This software is currently in **ALPHA**. While we have extensively tested these
tools across a wide variety of data, **no guarantees are made** regarding
correctness or stability.

## Overview

Riker is the spiritual successor to [picard](https://github.com/broadinstitute/picard) for next-generation sequencing QC.  It aims to provide modern, fast implementations of NGS QC metrics that tell you both "how does your sample look?" and often "why does it look bad?".  It is **not** intended to be a drop-in replacement for Picard.  Notably:

* Command line structure is different
* Output file formats are simplified and column names changed to resolve inconsistencies and confusion (and to use lower-case)
* Bugs that are difficult to fix in Picard due to implementation choices have been fixed in Riker, yielding slightly different outputs

Instead, Riker provides broadly similar tools to many of Picard's most widely used QC tools, with a goal of leading you to the same conclusions as before, in a lot less time.  Riker will remain focused on QC tools, and not attempt to replicate other tools from Picard.  Though other tools have been re-implemented for the better elsewhere too (e.g. [fgumi](https://github.com/fulcrumgenomics/fgumi)'s , `fastq`, `sort`, `dedup`, and `zipper` tools).
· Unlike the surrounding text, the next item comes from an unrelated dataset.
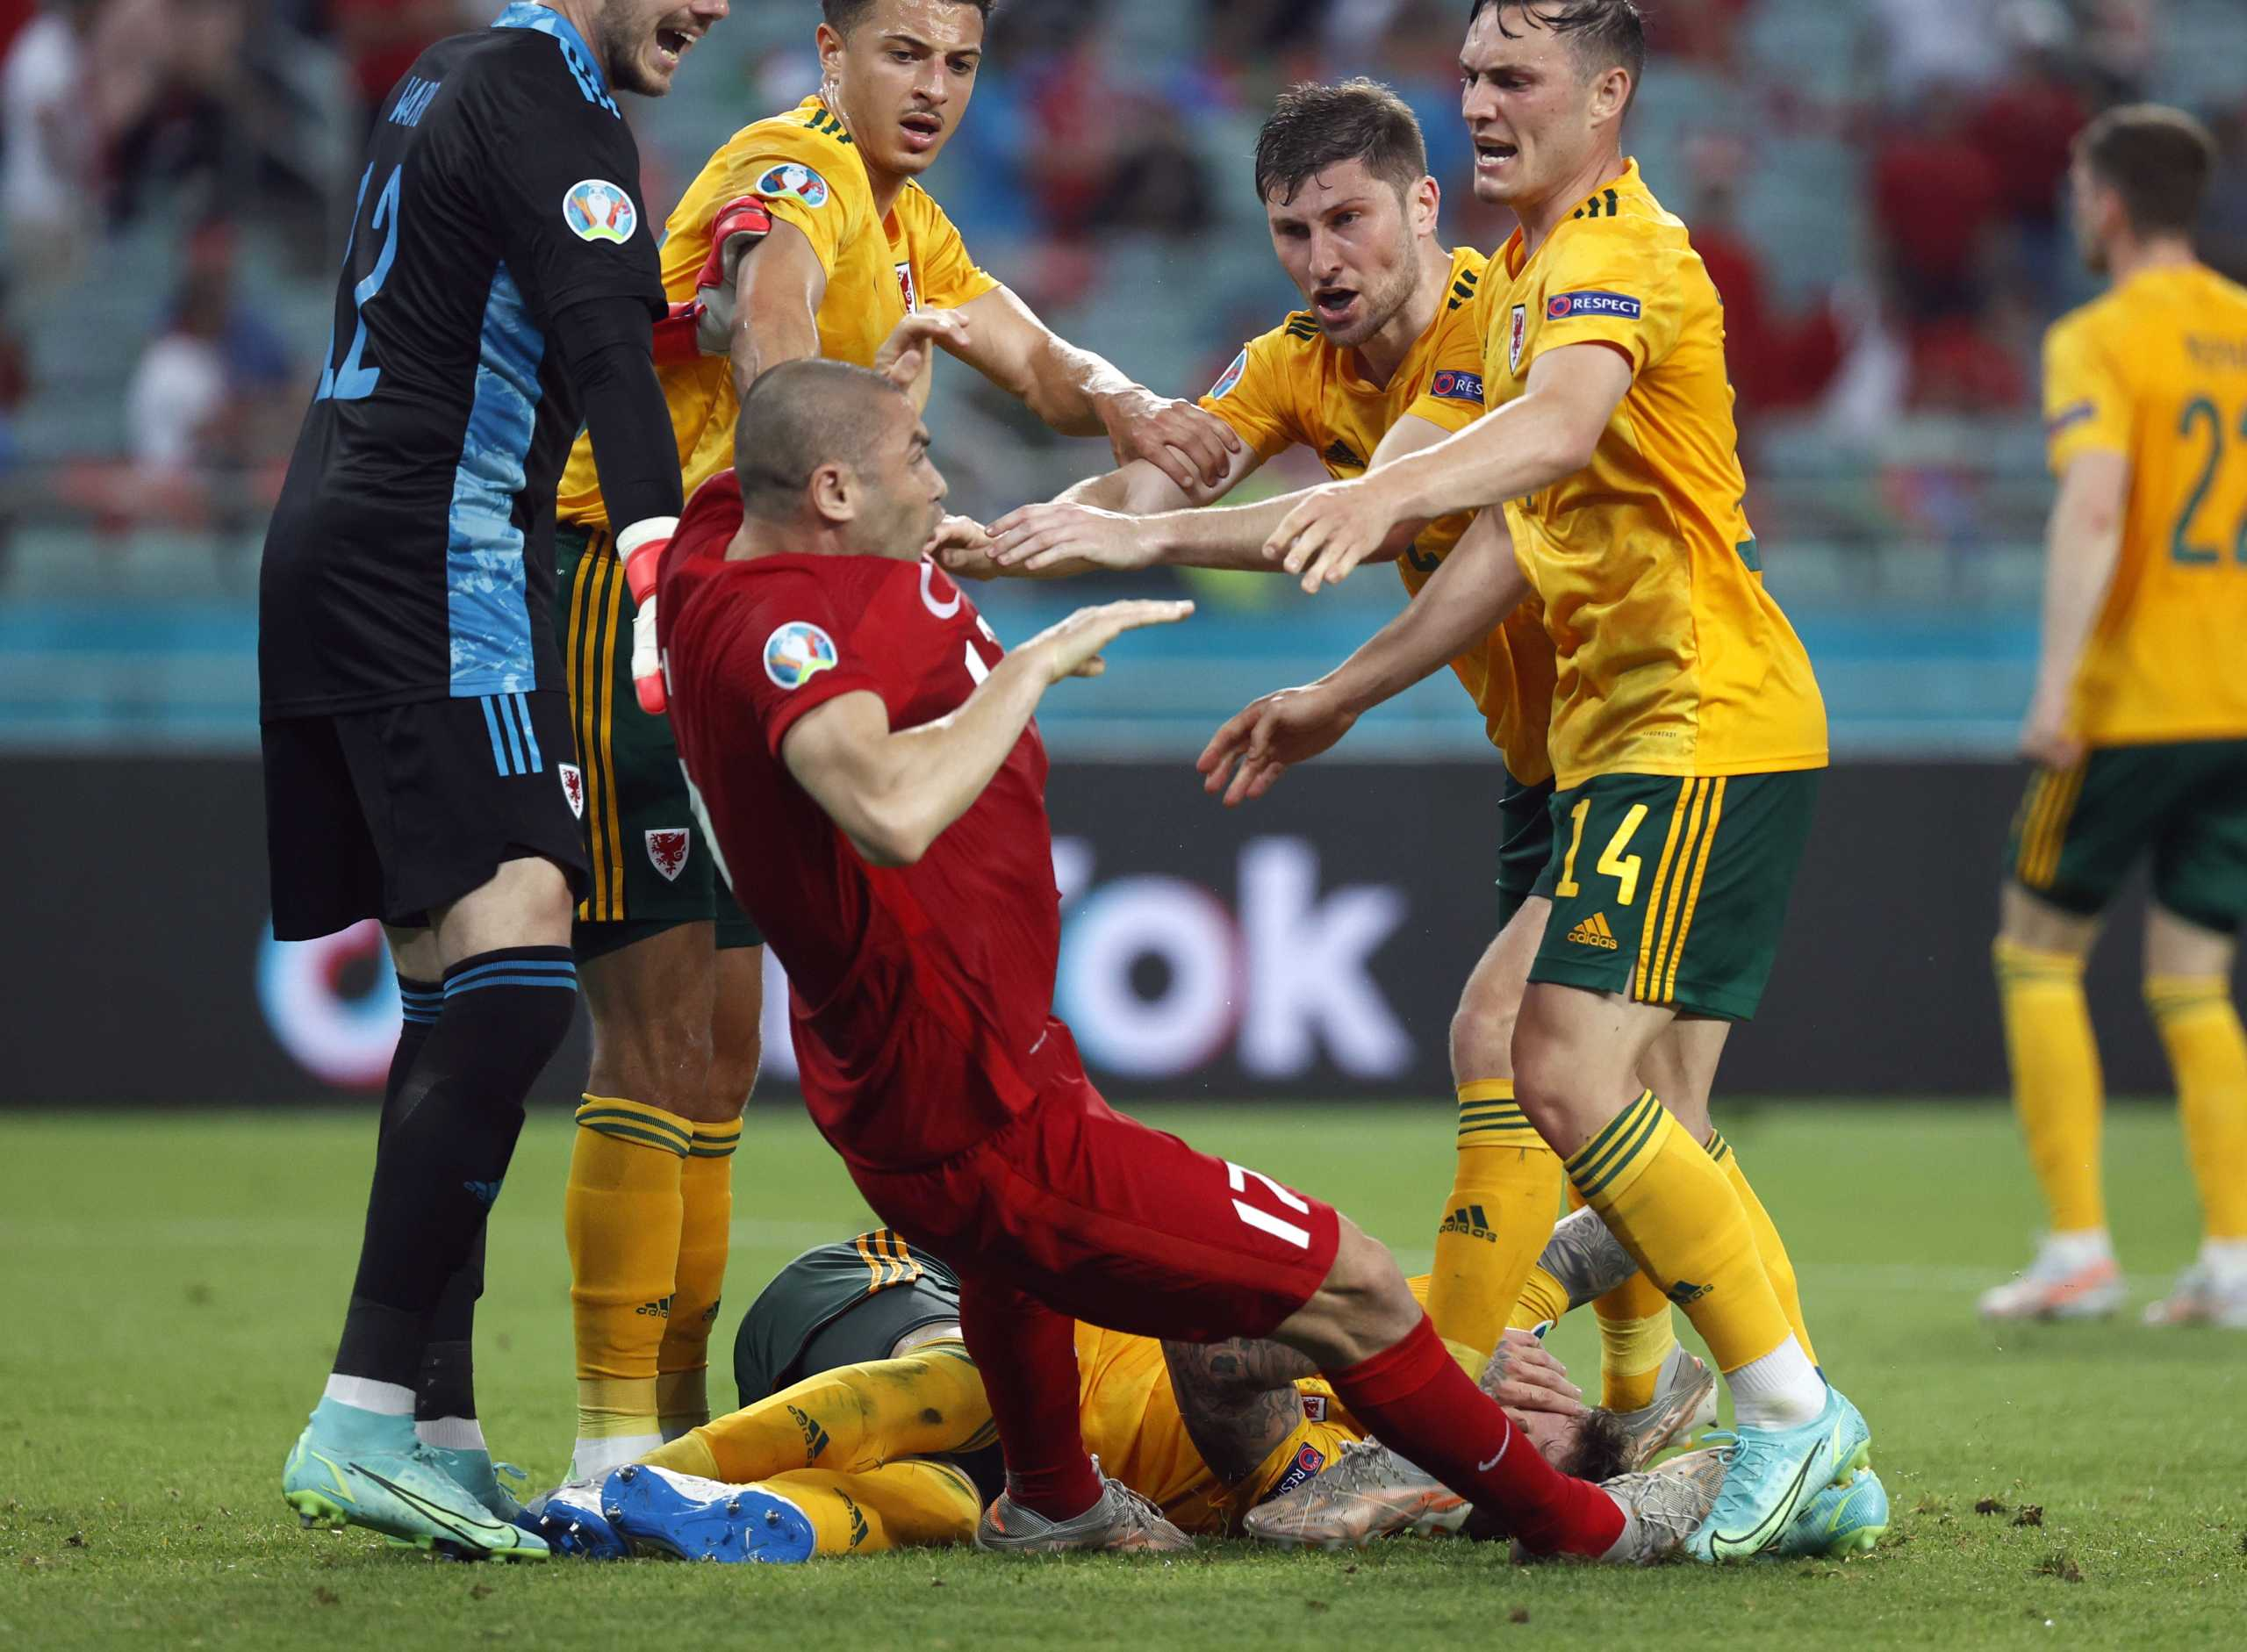 Euro 2020: Χαμός στο Τουρκία – Ουαλία, στα χέρια οι παίκτες

See the [Available Tools](#available-tools) section for a list of current tools.

## Motivation

The obvious question is: why not just fix up Picard?  Riker exists for a number of reasons:

* **Speed**: Most tools in riker are 4-6x faster than their counterparts in Picard; some are _much_ faster. With a fresh start it was much easier to make _all_ tools runnable via a single `multi` command, reducing complexity and saving more compute time (e.g. in Picard the `wgs` `hybcap`, and `error` tools all require separate invocations).
* **Cleaner Output**: Picard's tools output an inconvenient mostly-TSV format with a variable number of `#`-commented header lines and sometimes multiple independent tables in the same file, making them harder than they should be to parse programmatically _and_ annoying to review manually.  Riker's outputs are simple TSVs with one table per output file that can easily be routed into `cat file | column -t` or python's `csv.DictReader` with no fuss.  In addition Riker standardizes on having the `sample` be the first column in every file - so you can easily concatenate files for many samples.
* **Lightweight Distribution**: Picard carries a lot of baggage. It needs a JVM. It needs R and much of the tidyverse in order to produce plots.  The bioconda distribution requires a python interpreter to run it's wrapper script.  Running `pixi init && pixi add picard` results in a 1.2GB environment!  In contrast Riker is distributed as a single executable of < 10MB with no external dependencies.
* **Maintenance**: Maintenance of Picard has been [minimal for some time](https://github.com/broadinstitute/picard/commits/master/), with what little activity there is coming mostly from the community.  Picard is owned by, but no longer actively led by, the Broad Institute, making its path forward unclear.  Picard also suffers from some now-unnecessary complexity and years of less-than-necessary maintenance.  All of this makes a fresh start more appealing.

## Performance

Numbers below are from a [reproducible benchmark pipeline](benchmark-pipeline/) run on **2026-05-06** on a single AWS `r8id.xlarge` instance (4 vCPU, 32 GB RAM, local NVMe), against publicly-available 1000 Genomes 30× WGS BAMs (transcoded from CRAM) and the GIAB Ashkenazi exome trio.

Tool versions:

- **Riker**: 0.2.0 release candidate (built from source on the host)
- **Picard**: 3.4.0 on OpenJDK 25.0.2 (bioconda)
- **mosdepth**: 0.3.14 (bioconda)
- **samtools**: 1.23.1 (bioconda; used for staging — CRAM→BAM transcoding, downsampling with `view --subsample`, indexing)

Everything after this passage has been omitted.